I feel my experience with Hocus Pocus has some parallels with the general public’s. The movie started as a flop, losing Disney a cool few million. But then something interesting happened: yearly showings of the movie on TV eventually turned into a renewed interest. Sales for the movie spiked each year around Halloween, and this new interest shifted to different iterations of the main characters, the Sanderson Sisters — there’s a theme park attraction, an adorable short film, and even a lego set. It also resulted in, as I’m sure you’ve already guessed, books. There’s an official cookbook (Hocus Pocus: The Official Cookbook), a spell book (The Hocus Pocus Spell Book), and on the franchise’s 25th anniversary in 2018, Hocus Pocus: The Sequel was released.

book cover of Hocus Pocus: The All-New Sequel

The 2018 book has two parts: a retelling of the original story and a second part that happens 25 years after the events of the first. In 1993, teenager Max takes his little sister Dani out trick-or-treating, runs into his crush Allison, and accidentally awakens the Sanderson Sisters 300 years after they’d been hanged for sucking the life force of a young girl to make them young again.

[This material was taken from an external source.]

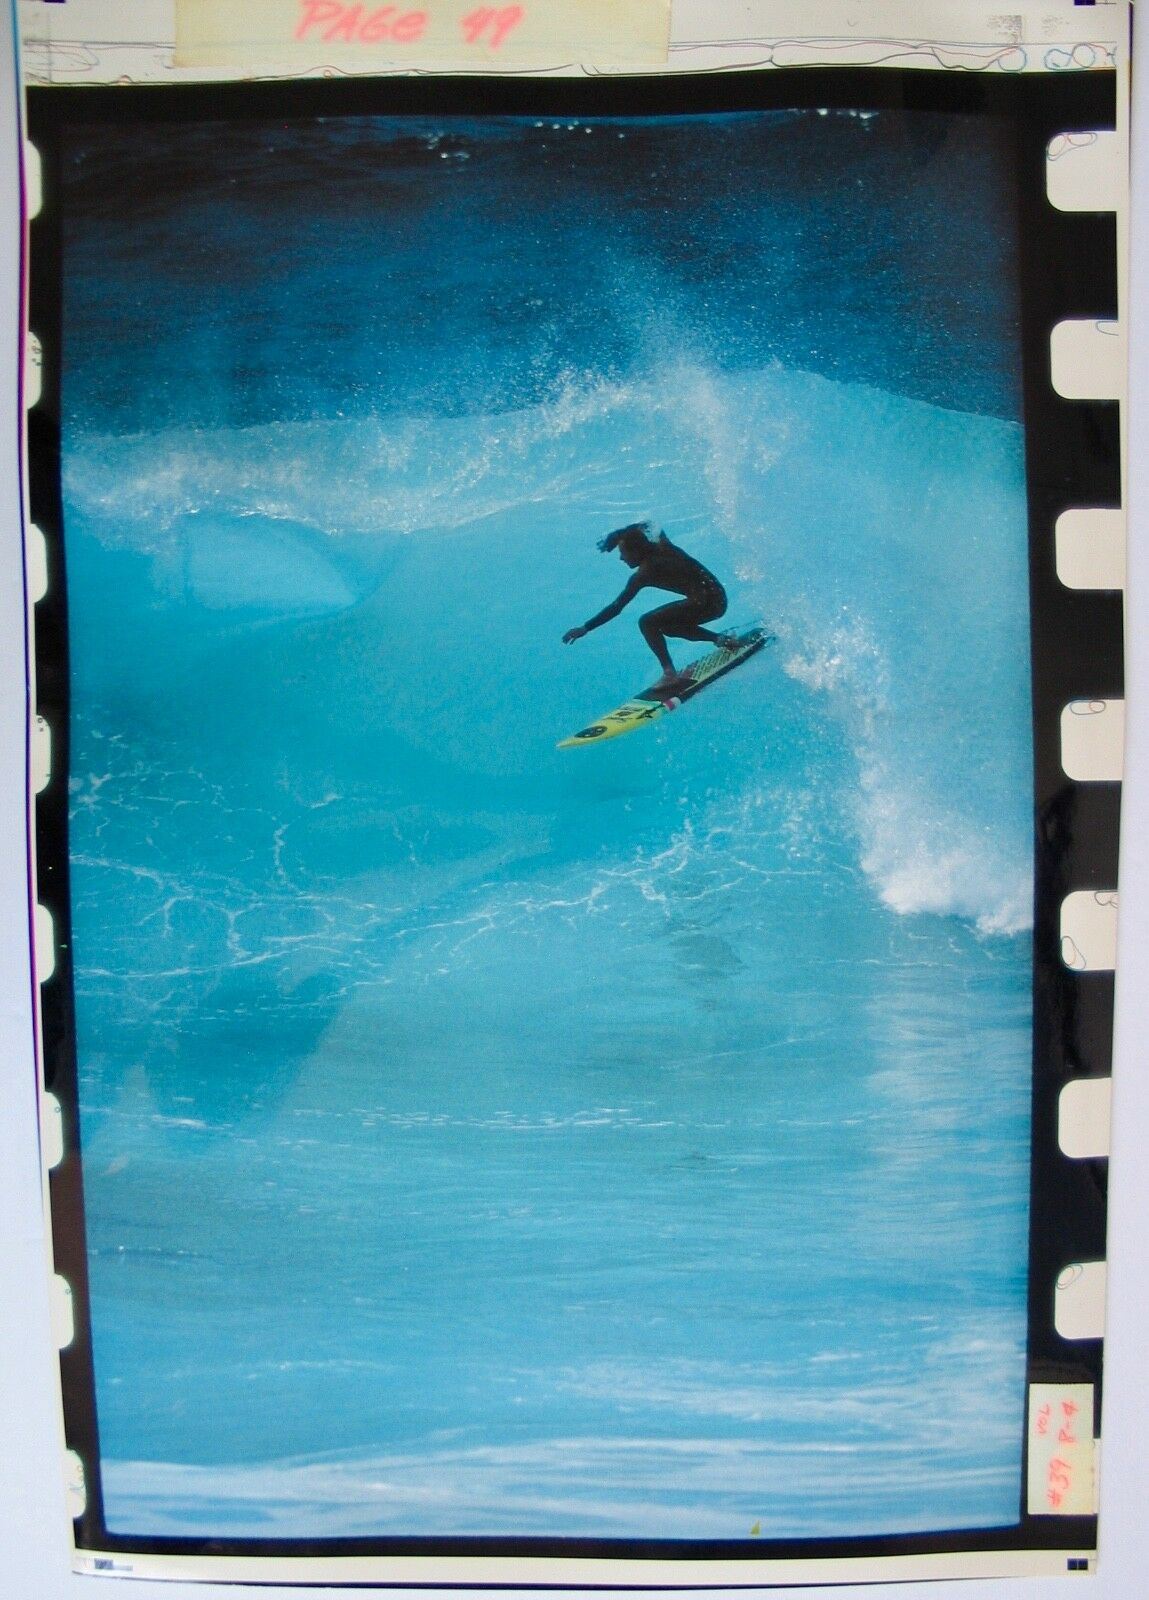 Vintage 1988 Original Photograph Breakout Surf Magazine Vol 8 No 4 Surfboard 16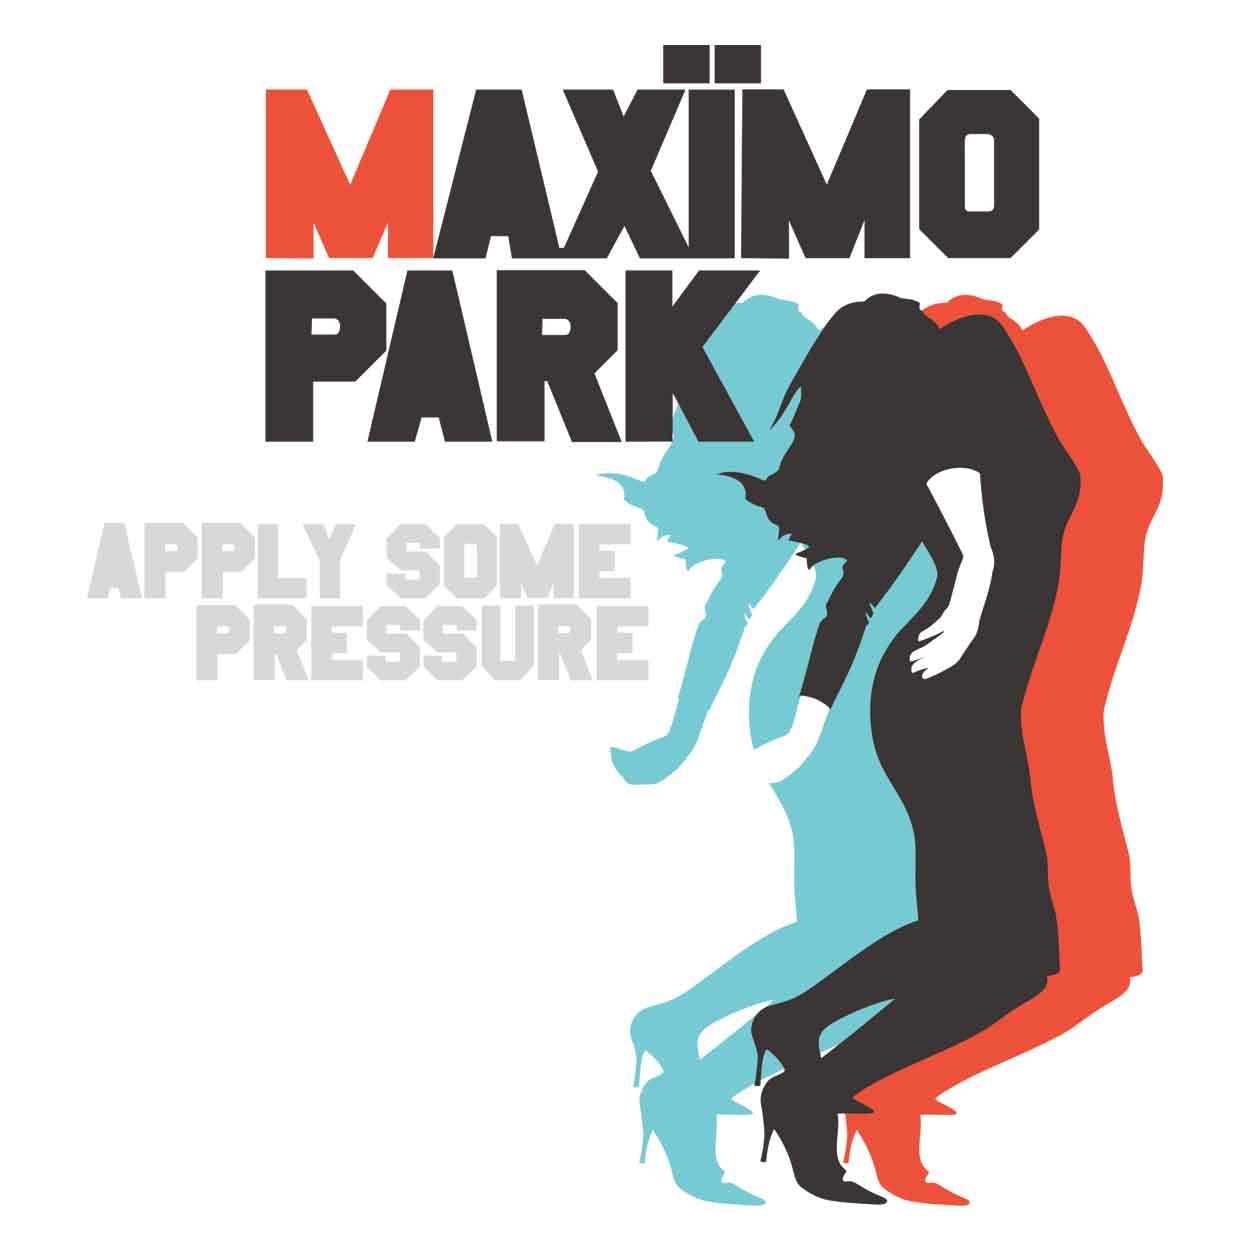 Camiseta Apply Some Pressure - Maximo Park - Masculino

Now that they’re back, they’re also back to their old ways, and Max’s little sister Dani is at risk of becoming their latest skin care treatment.

The rest of the night is spent working with new friends (like a black cat and a zombified ex-lover) to try and stop the witches’ sinister plan. Part two sees Max and Allison’s daughter Poppy and her friends having their own time against the witch sisters. It’s a cute story with diverse characters and a queer romance.

Just last year, we got a movie sequel with the original cast of the Sanderson Sisters (Bette Midler, Sarah Jessica Parker, and Kathy Najimy) that gave us a little peak into the sisters’ lives as kids (the actress playing young Winifred was perfect). The new movie engaged in the trend of redeeming villains, but just a little. We’re shown how the sisters were punished because Winifred wouldn’t marry a guy the church authority wanted her to, but any sympathies evaporate after the girls meet the Mother Witch (played by Hannah Waddingham) and she tells them to kill children to stay young. The usual hijinks ensue once the sisters are accidentally resurrected by a new cast of teens; there’s even a magical showdown in a Walgreens.

I’m due for a rewatch of the second movie, but I liked it when I first saw it last year. I thought it’d done a good job recapturing the feel of the first one, and it had some solidly funny moments. With our continued interest in witches, and Hocus Pocus’s 30th anniversary, the first movie released again in select theaters, and there was a Black Flame Ball that included a tour of Salem, MA where the movie was shot.

If you, like me, are here for the enduring camp of the Sanderson Sisters and would like to keep the vibes going, check out Spell on Wheels, a graphic novel about three witches who go on a revenge road trip; Bad Witch Burning, about a teen medium whose summonings get out of control; The Near Witch, about how missing children could be connected to a witch; and The Very Secret Society of Irregular Witches, a cozy, witchy romance with found family.